= Tamar (Lommel) =

Tamar was a maternity home for unmarried mothers and their children located in the Belgian city of Lommel, run by the Congregation of Kindsheid Jesu. It was established in 1970 on the attic of the Maria Middelares Hospital and moved in 1976 to its own building next to the hospital. Tamar was established to help young women who were pregnant out of wedlock. Tamar became notorious for its involvement in forced adoptions and unwanted sterilizations of young girls.

Tamar operated during a period in Belgium when adoption practices were often shrouded in secrecy and church-run institutions held significant influence over many aspects of society. One of the aspects of Tamar’s operations was the involvement in anonymous births in France, known as Sous X (literally "under X"), a practice that was legal in France but prohibited in Belgium. Many young women, often teenagers, were forced to travel to France to give birth anonymously. Afterward, the children were illegally brought back into Belgium and put up for adoption. This without consent from the mothers.

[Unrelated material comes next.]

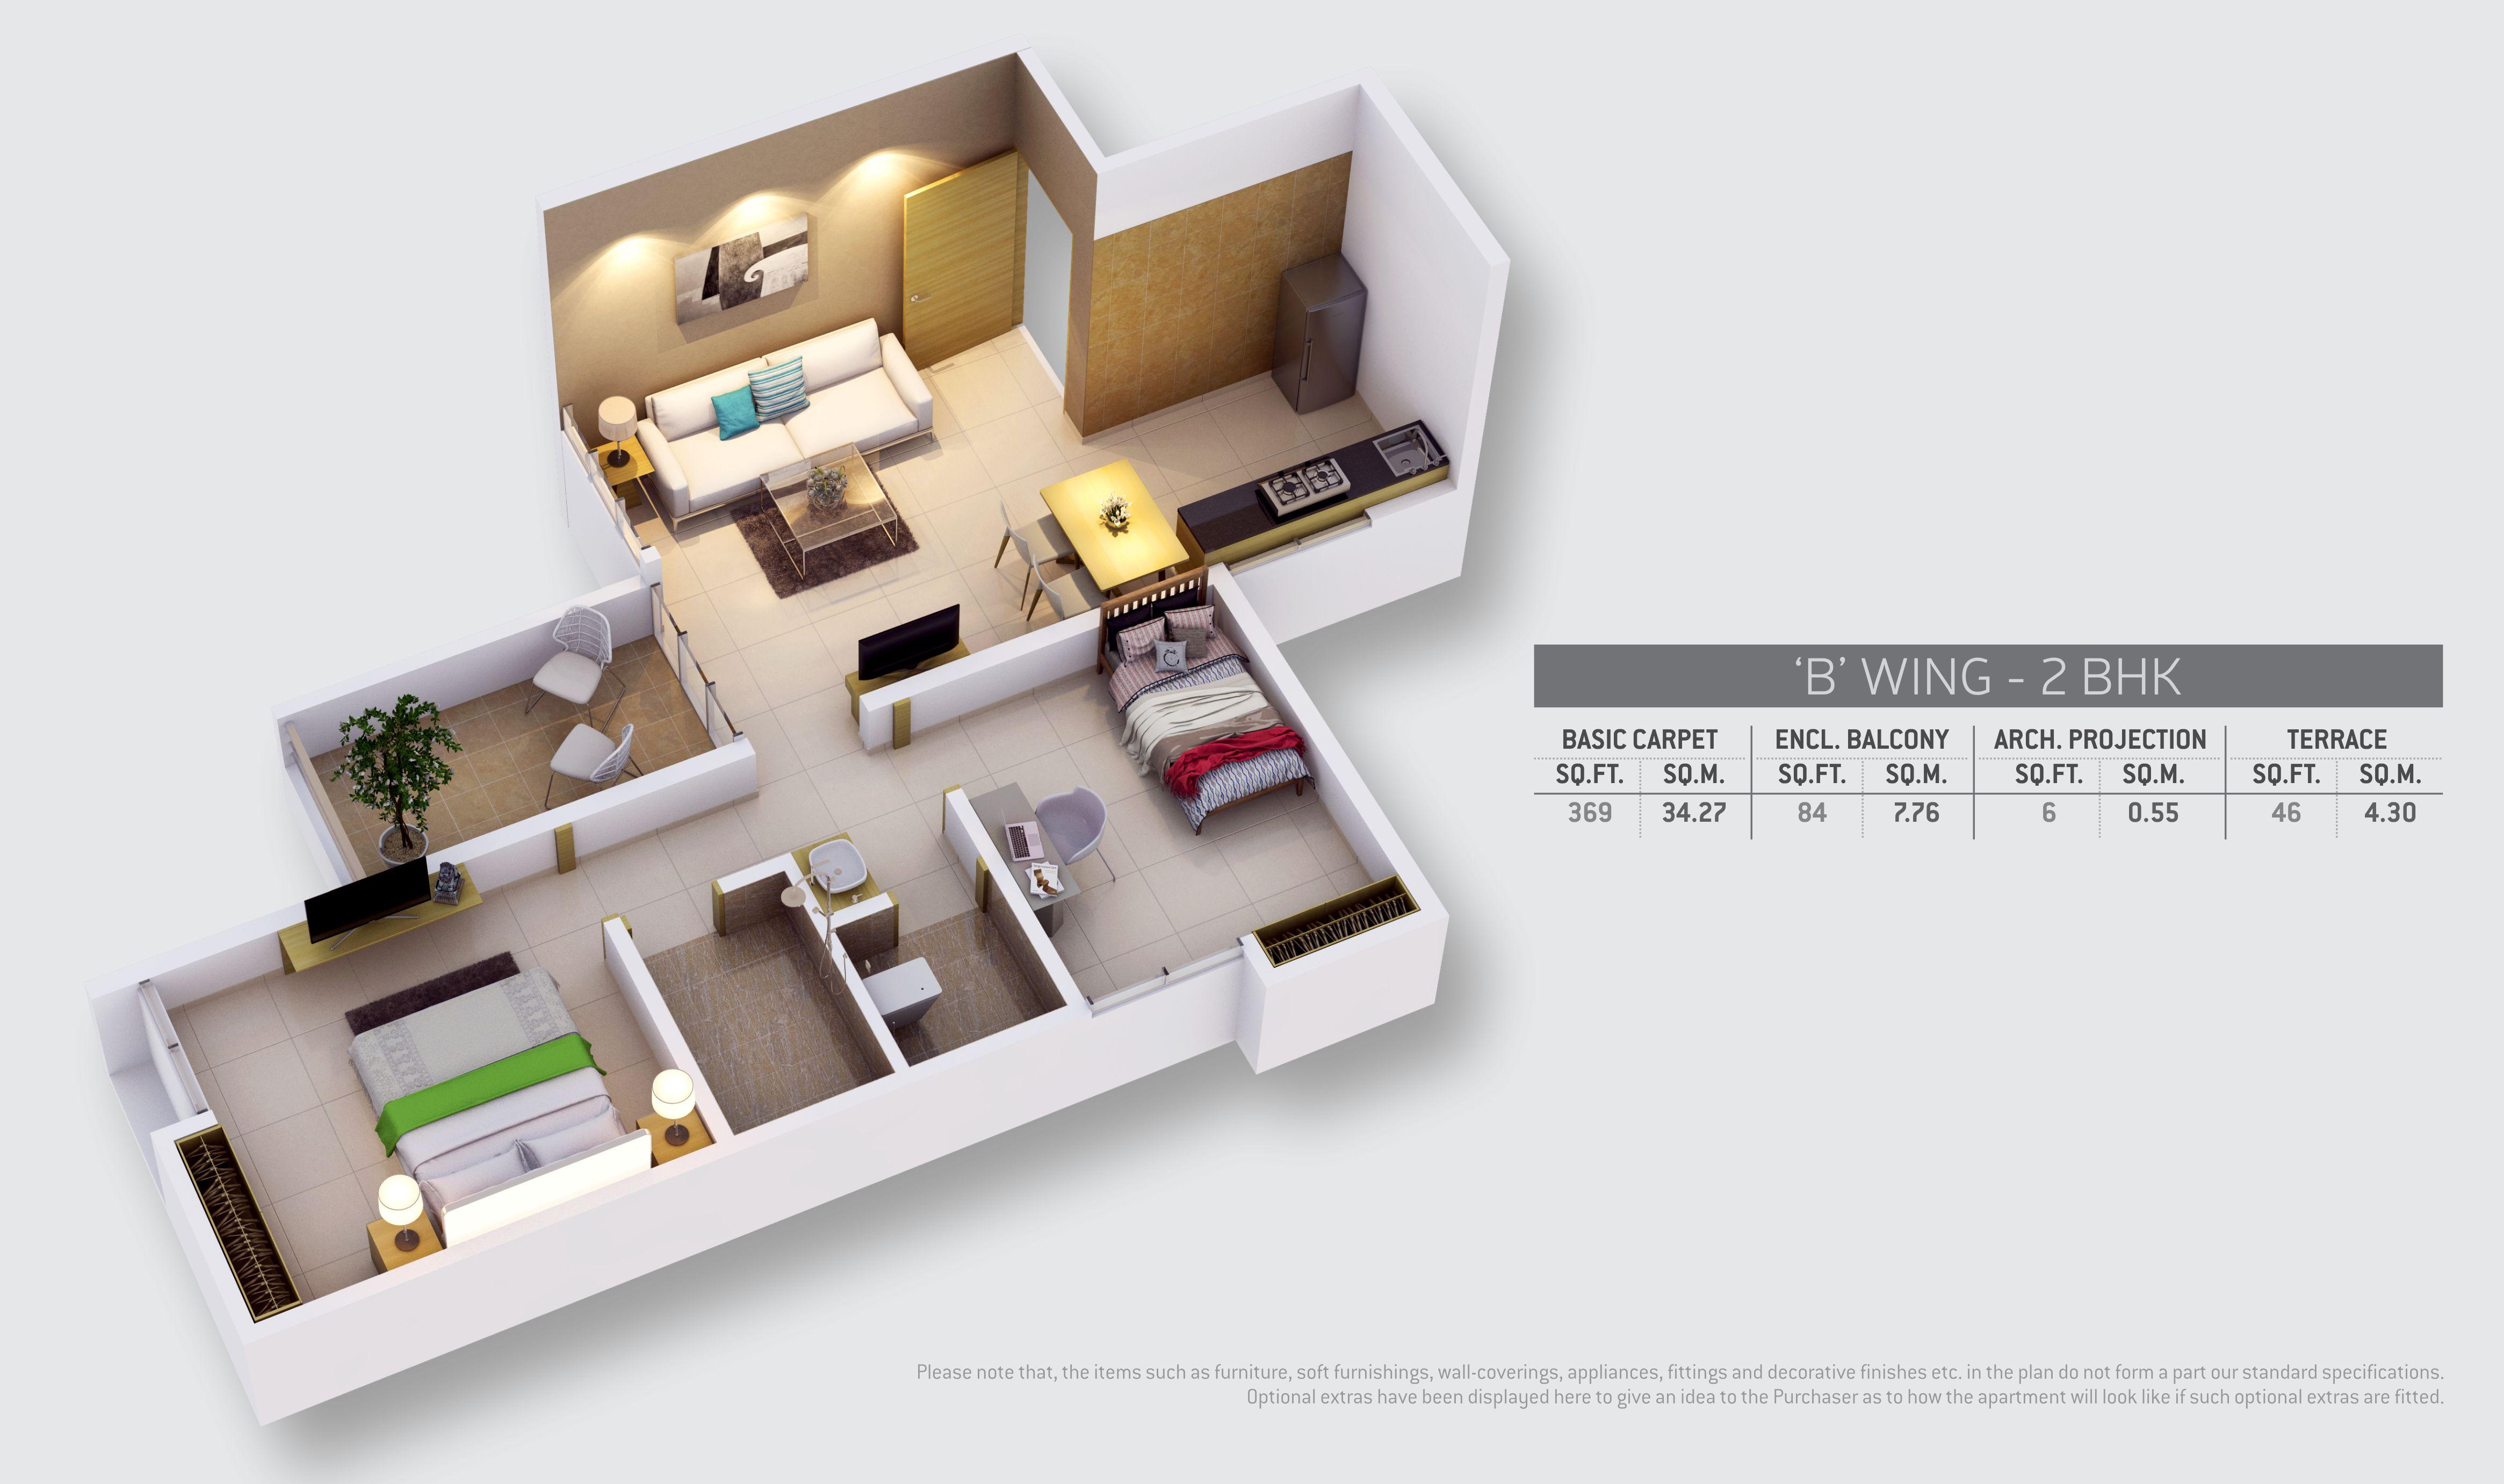 2 BHK flats in Wagholi Floor Plan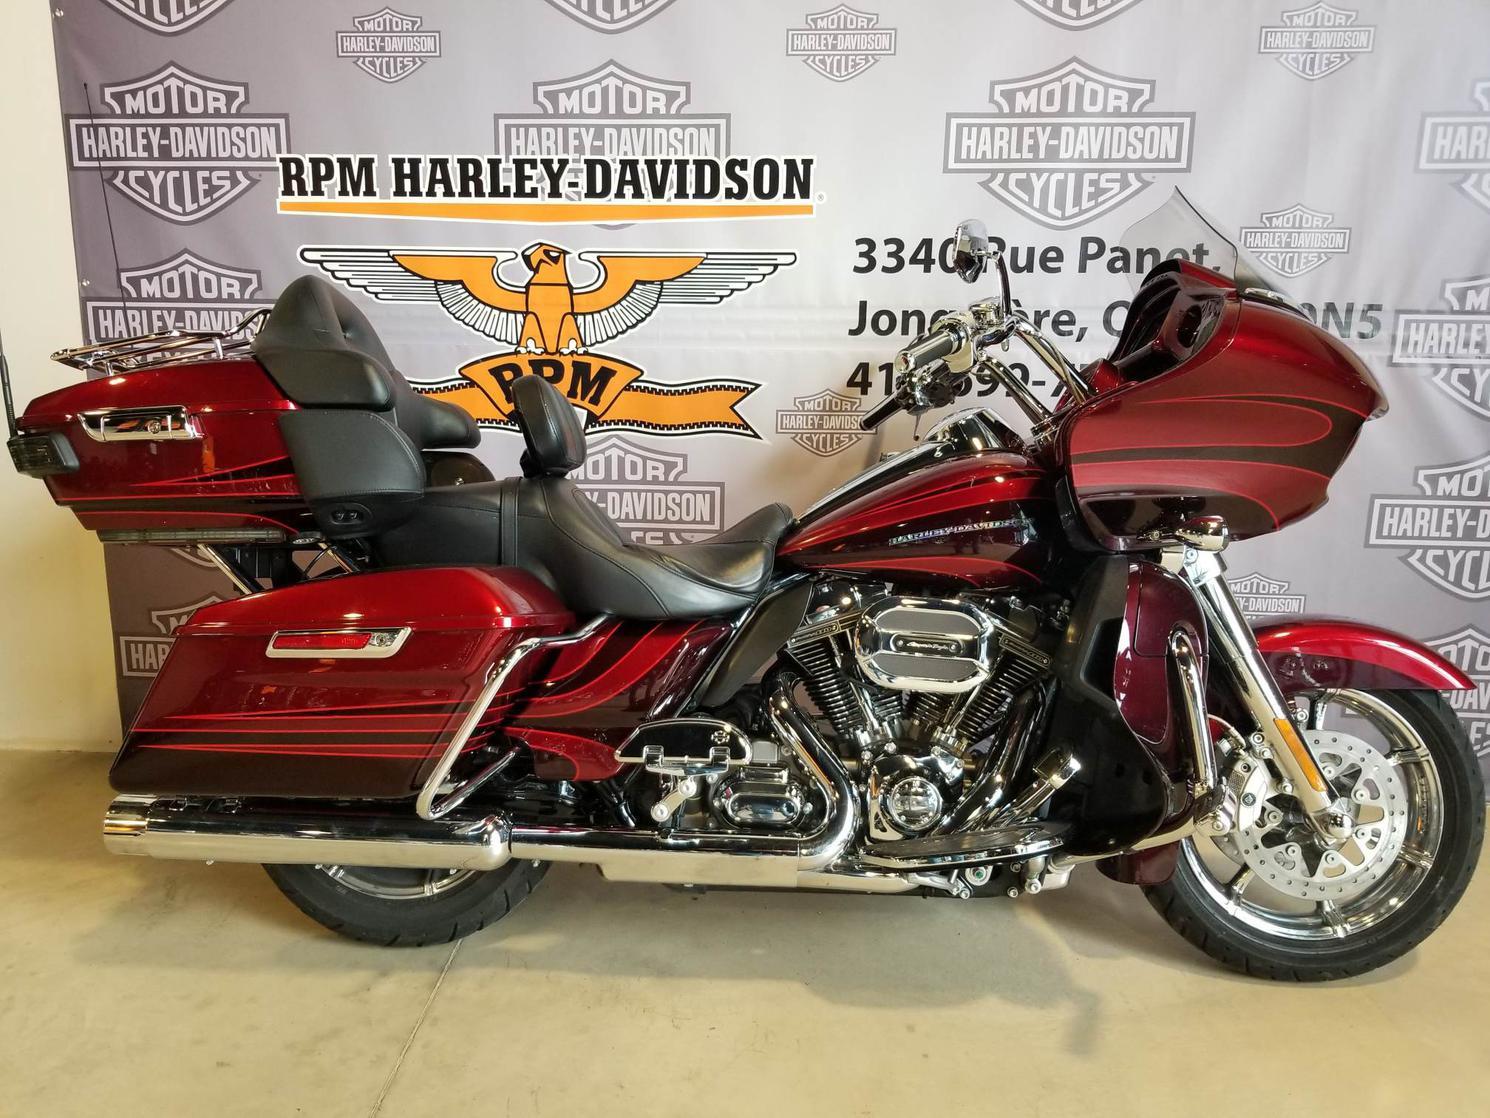 FB959196 Harley-Davidson CVO Road Glide Limited 2015

==Political and legal consequences==
The full extent of the stories about Tamar became increasingly clear after the 2014 hearings in the Flemish Parliament about forced adoptions. During these hearings, the management of Tamar refused to apologize to the victims. Former director Josse Tips defended the adoptions, stating that they were largely carried out "at the request of the parents," a claim that was later contradicted by several testimonies from mothers who had been forced to relinquish their children

The 2023 podcast series Kinderen van de kerk (Children of the Church) delves deep into the stories about Tamar and shedding light on the church's influence on adoption practices. In this four-part series, the main accusations center on the belief that the Sisters at Tamar were involved in "laundering children" as a form of human trafficking. These children, often taken against the will of their mothers, were allegedly placed into adoptions that were profitable for the church-run institutions. The allegations suggest that money played a significant role in these decisions, furthering the idea that the children were treated as commodities. The organisation Tamar ended there operations in 2014.